Si propone come regista di drammi wagneriani (o di opere mozartiane o verdiane) calati nella nostra moderna società. Con ciò ottiene alcuni interessanti (per lui) risultati:

1. non fa alcuna fatica a scrivere parole, nè musica: li trova già bell’e pronti;
2. non ha alcun problema di promozione della sua immagine, poichè utilizza quella di artisti e di opere collaudati da decenni, se non da secoli di successi in tutti i teatri del mondo;
3. più il pubblico fischia le sue regie, meglio per lui! È il miglior modo per farsi pubblicità ed essere scritturato da teatri la cui importanza è inversamente proporzionale alla preparazione e alla serietà dei rispettivi sovrintendenti.

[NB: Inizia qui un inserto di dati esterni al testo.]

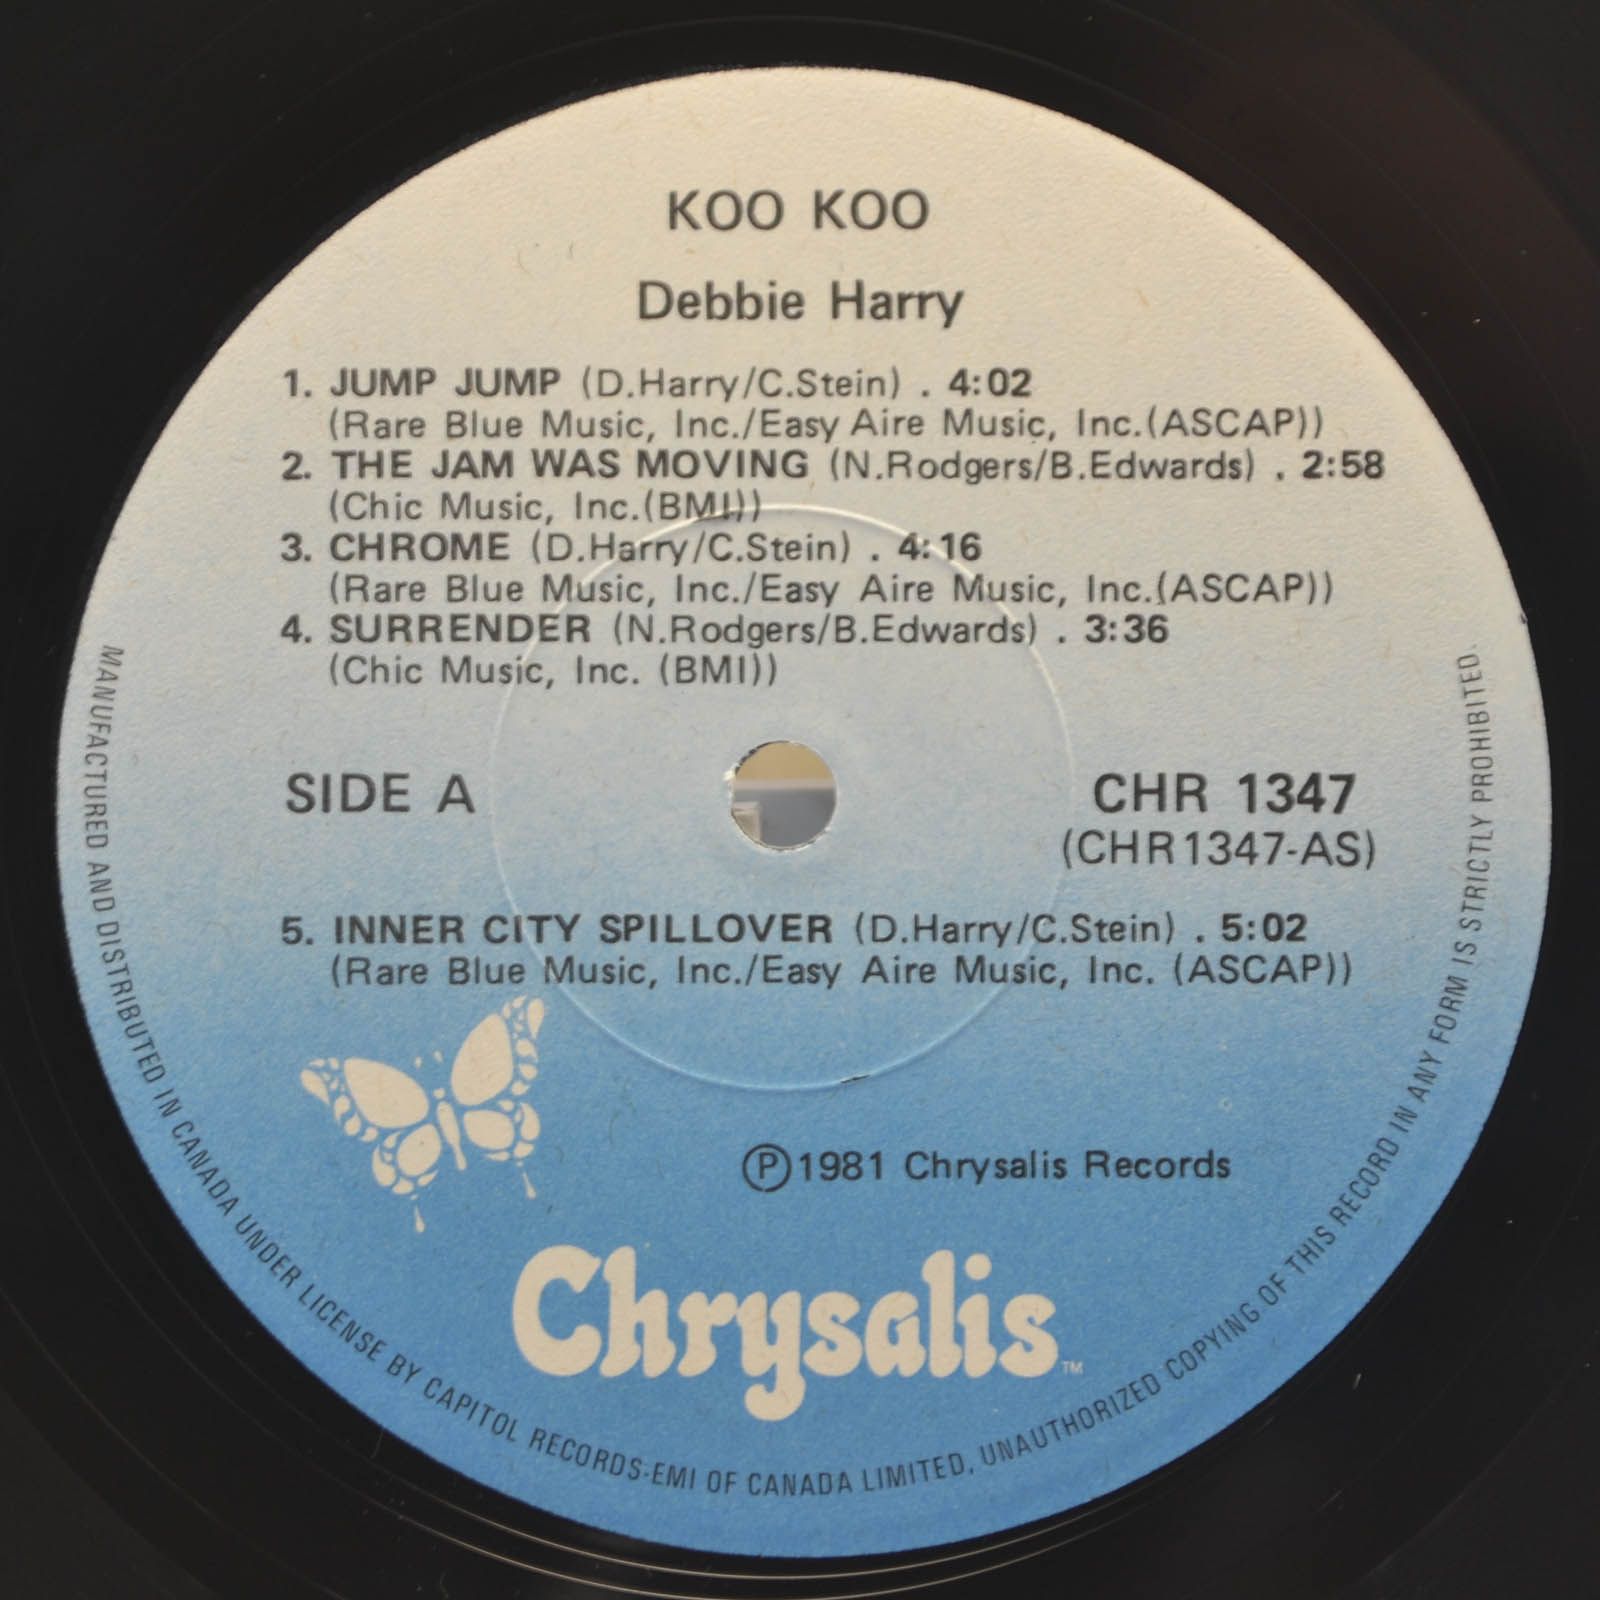 Debbie Harry — KooKoo, 1981

L’ultima? Una performance a Stoccarda, dove si rappresenta uno spaccato dell’infernale società capitalistica moderna: un manager che ha perso il posto, che vede intorno a sè soltanto disumanità ed arrivismo e che si riduce disperato a cospargersi di benzina, minacciando di darsi fuoco; un gommone che trasporta clandestini, guidato a frustate da un manager in carriera; una donna-oggetto, che vede ogni sua sensibilità soffocata da una famiglia di benpensanti e diventa ossessionata dal far del bene a qualcuno; manager e impiegati di aziende concorrenti che si abbandonano ad orgiastici festini - con conigliette (che escono come cagnolini da una cuccia) e champagne - distruggendo frigoriferi e lavatrici (i prodotti del capitale, già, perchè c’è anche il consumismo!) Il lato davvero debole, quasi incomprensibile, di questa straordinaria opera d’arte è il lieto fine che la conclude, col povero manager disoccupato che trova nella donna pia amore, pace, pietà e tutti i valori positivi!

L’opera, chiederete... Ma perchè, non basta quanto sopra?

E invece sì, c’è anche l’opera: il Fliegende Holländer di Wagner.

Ma, a supportare adeguatamente il capolavoro di Bieito, potevano andar benissimo anche Tannhäuser o Lohengrin, statene pur certi. Il Ring invece lo hanno già interpretato a loro modo altri registi più famosi, e il Calixto dovrà aspettare... però chissà che i prossimi Leiter di Bayreuth non ci facciano un pensierino.